The students jumped into action, barricading the door with desks and tables and arming themselves with a fire extinguisher, just as they had practiced. Said Andrei Mojica, 17: “There was just something different about it from a simple drill to real life. That fear made it feel like we were waiting in silence forever.”
The deputies who arrived at the sprawling campus carried shotguns and AR-15s. Before ambulances appeared, they brought at least one victim to a cruiser, speeding to the hospital. Other deputies went methodically through the campus, making sure every room had been cleared.
Recovering a few hours later at the Central Park reunification zone, the two friends Lauren and Hannah appeared remarkably composed, considering they had just run for their lives.
“When I go home, I’m gonna cry,” Hannah said. “Right now, I feel like I need to be strong for my parents.”
With the victims not identified for many long hours, parents and their children lived out another ritual becoming all too familiar in America’s shooting zones: the tense wait for children to be checked in and released by school officials. The vigil that began outside the high school soon shifted to the reunification center established by the William S. Hart Union High School District.
Some parents sobbed. Others paced. All scanned their phones as students slowly assembled in the park, where they were sorted into lines by school officials. Some of the adults joined in a circle inside the park, where just three weeks ago, community members had come together for a news conference during the Tick fire.
One sheriff’s deputy, gripping an automatic rifle, asked a frantic woman whether she was a parent. “Yes!” she said, sobbing. He pointed her away from the yellow tape, toward a group of parents and teens standing in a clump.
One of the adults draped his arm over the shoulder of a teenage boy, dressed in a gray Saugus sweatshirt. The boy was hyperventilating, trying to calm himself by counting his breaths aloud.
“One, two, three,” he said. “One, two, three,” while his father told him: “It’s over, son. It’s over.”
Most parents received texts assuring them that their children had made it through. But even they quaked with anxiety until they were reunited.
Joy Songcuan described how he had been heading for work when his son, Karl, texted that he was OK. The elder Songcuan called his son, a freshman, “a guy of few words.”
But the magnitude of the moment became clear when Songcuan texted that he loved the boy. On a regular day, that wouldn’t receive an answer, but on Thursday morning, Karl’s response — “I love you too” — meant everything.
“He’s a strong kid, but he’s still so young,” Songcuan said, his eyes sparkling with tears. “One thing I know for sure — he needs a hug.”

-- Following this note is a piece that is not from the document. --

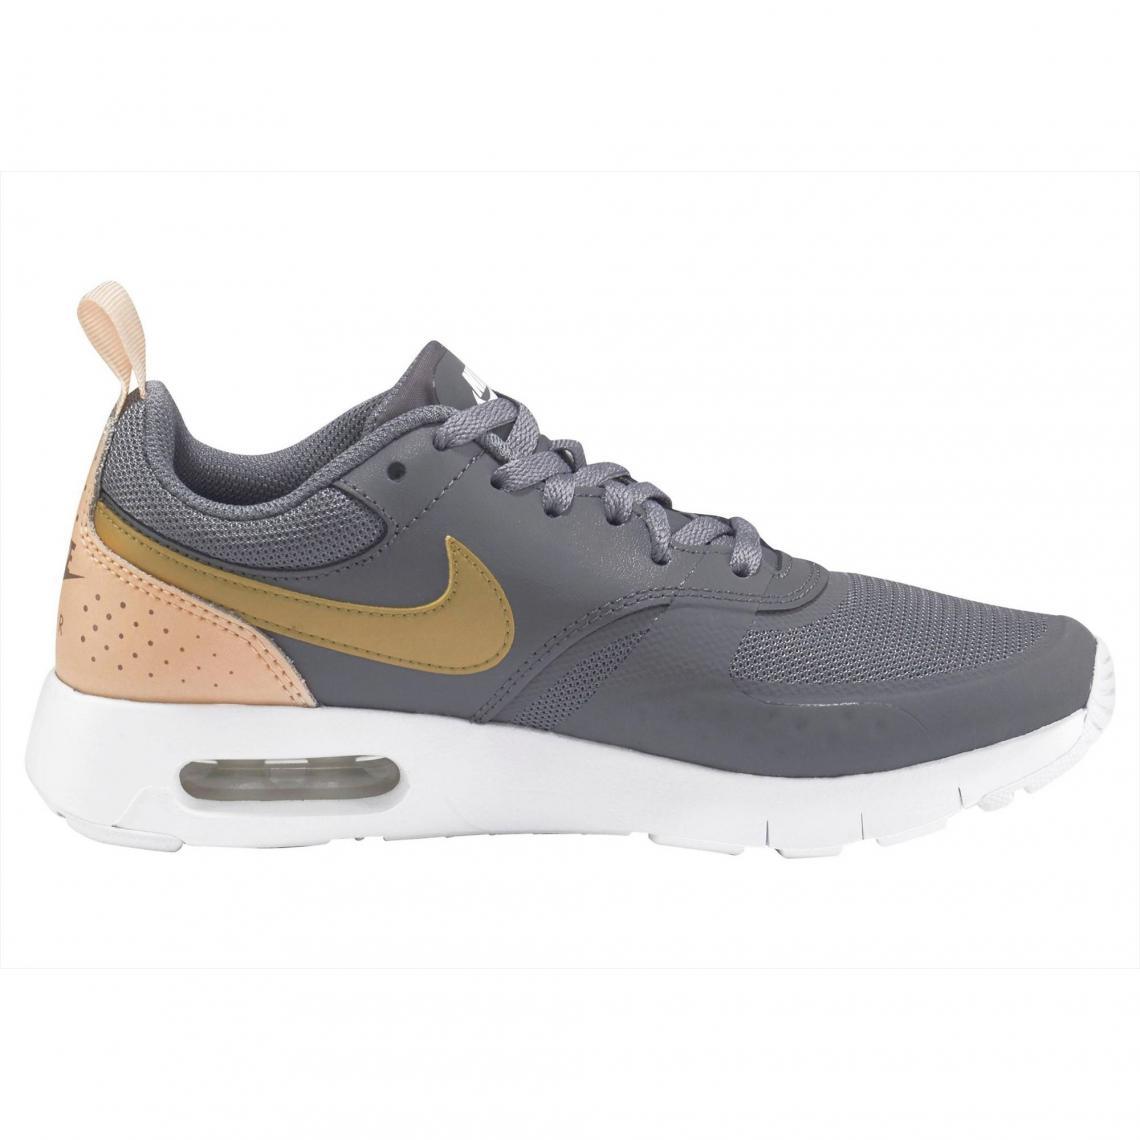 fe57dd4fe3049 Baskettes fille Air Max Vision de Nike - Gris   or

The suspect was not known for being angry or isolated, according to students and neighbors. He wasn’t a star runner, but he worked hard. An elementary school friend recalled the quiet boy who had a pet rabbit and liked to play in a treehouse in his yard.
“I’m bewildered and looking for answers — the question as to why all this would happen,” said Aidan Soto, a sophomore, who knew the teen from track and Boy Scouts. “So many questions no one has the answers to.”
But public records indicated there had been trouble inside the teen’s home. His mother and father had split, and his father had been arrested in 2013 and 2015 on suspicion of driving under the influence.
Mark Berhow pleaded no contest both times, in the second instance being sentenced to 45 days in jail and five years of probation. Authorities also arrested him in 2015 on suspicion of attempted battery of his wife, but no charges were filed because of insufficient evidence, a spokesman for the district attorney’s office said.
Mark Berhow died in December 2017. “He would tell me that he missed his father,” next-door neighbor Jared Axen, 33, said of the teenager, “and that he loved him.”
Axen, a sometime chess partner of the teen, said the eruption of violence stunned him.
“I think he was hurting and didn’t know how to ask for help,” he said. “It’s terrible about what he did and it’s terrible what he did to those kids.”